Souvent abusivement désigné comme le modèle « auteur-payeur », l’open access gold est généralement financé en amont par les institutions d’enseignement supérieur et de recherche qui éditent et diffusent les revues.

De fait, le DOAJ (Directory of Open Access Journals) recense 67 % de revues en open access – dont la RFSIC – ne demandant aucun frais de publication aux auteurs. Le tiers de revues restant s’appuyant sur le paiement par les auteurs – ou leur institution de rattachement le plus souvent – de frais de traitement (Article Processing Charges, APC) pour assurer la diffusion ouverte des articles que celles-ci ont accepté de publier.

À ces revues s’ajoutent les revues traditionnellement disponibles sur abonnement qui proposent une option de diffusion en open access à l’article : il s’agit du modèle de l’open access « hybride ».

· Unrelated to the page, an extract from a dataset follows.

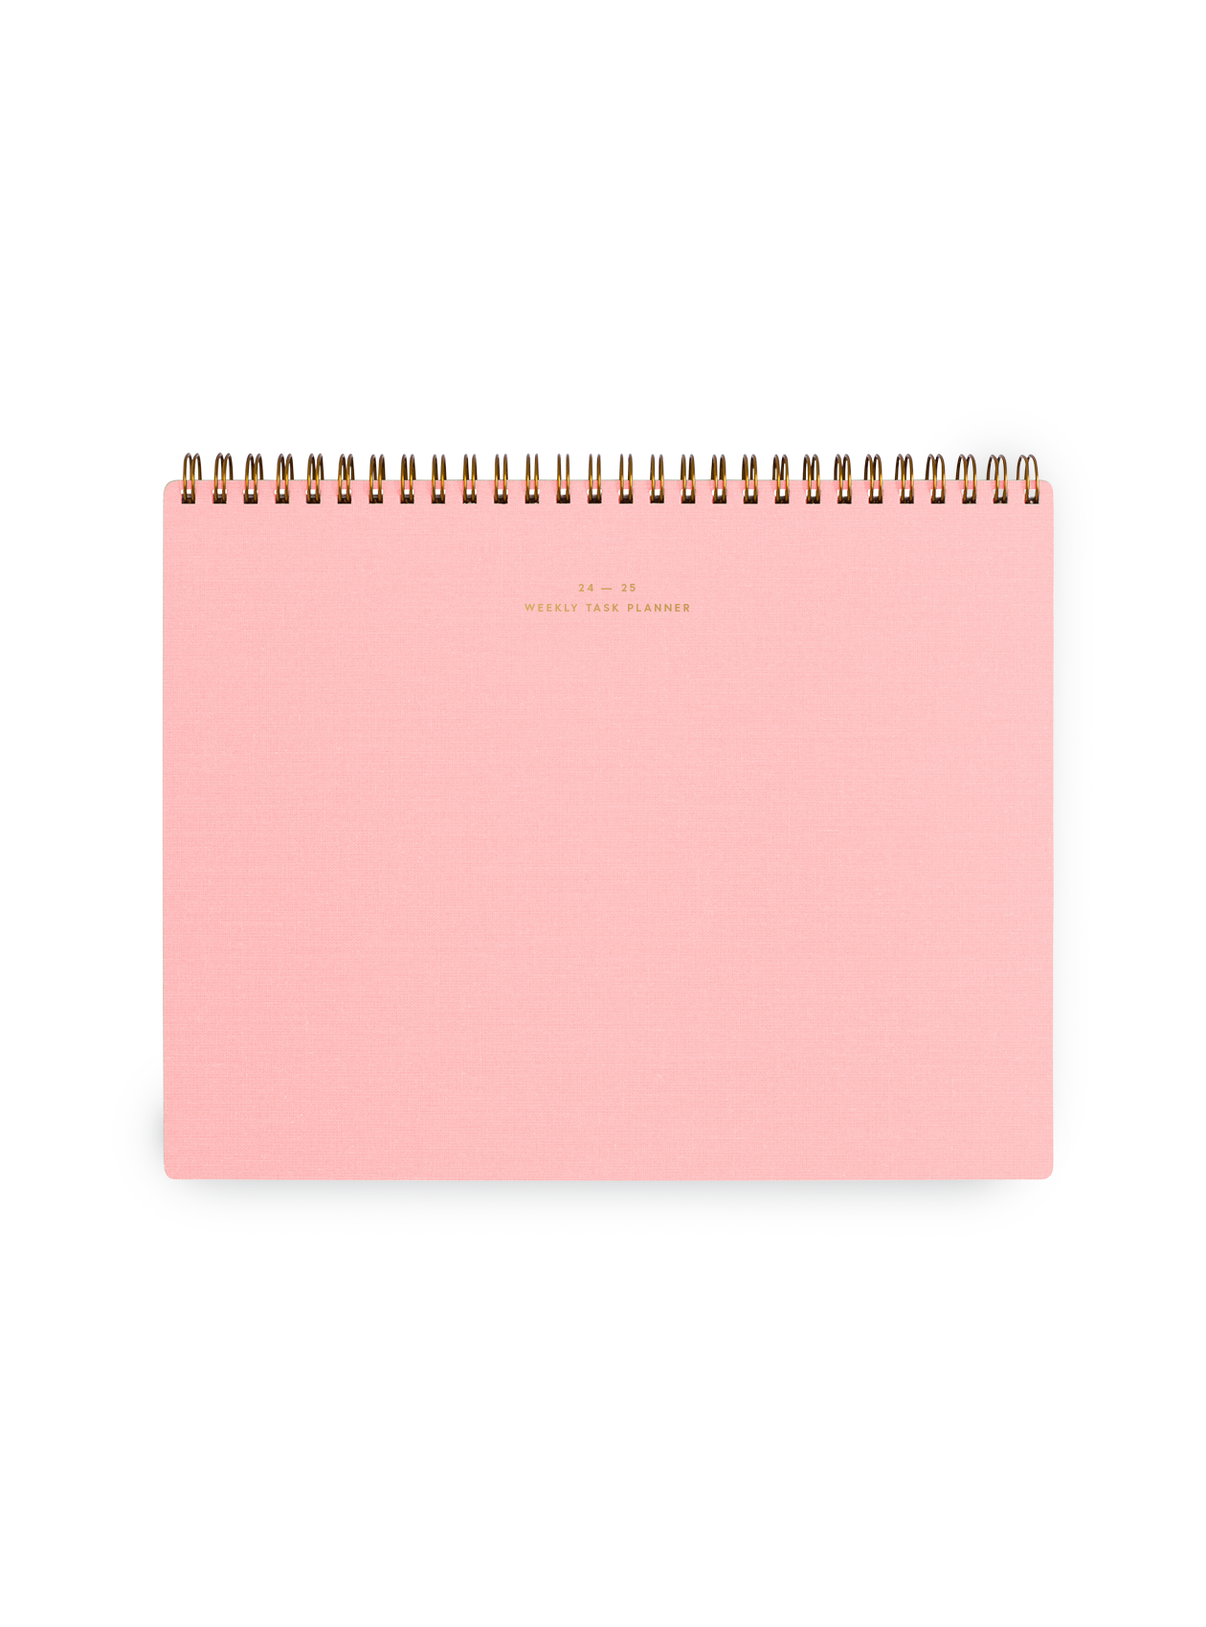 Appointed top-bound 24-25 Weekly Task Planner with brass wire-o binding and gold foil details || Blossom Pink

Le suivi de l’évolution des coûts engendrés par l’open access gold aussi bien que par l’open access hybride suscite un intérêt depuis la fin des années 2000. Il devient crucial dans certains pays (Royaume-Uni) à compter de 2012 et est désormais un enjeu reconnu à l’échelon européen. Après avoir présenté l’état de la réflexion européenne dans le domaine du suivi des dépenses d’APC, l’étude s’attache à présenter trois méthodes de suivi qui peuvent être mises en place au sein d’établissements d’enseignement supérieur et de recherche : utilisation d’une base de données bibliographique ; sollicitation des éditeurs et recours au logiciel comptable. Ces méthodes ont été appliquées à deux universités (Aix-Marseille Université et l’Université de Lorraine) sur des données allant de deux à trois années (2013-2015).

L’article présente de premiers résultats qui permettent d’identifier et de discuter des forces et des faiblesses de chacune des approches méthodologiques évoquées.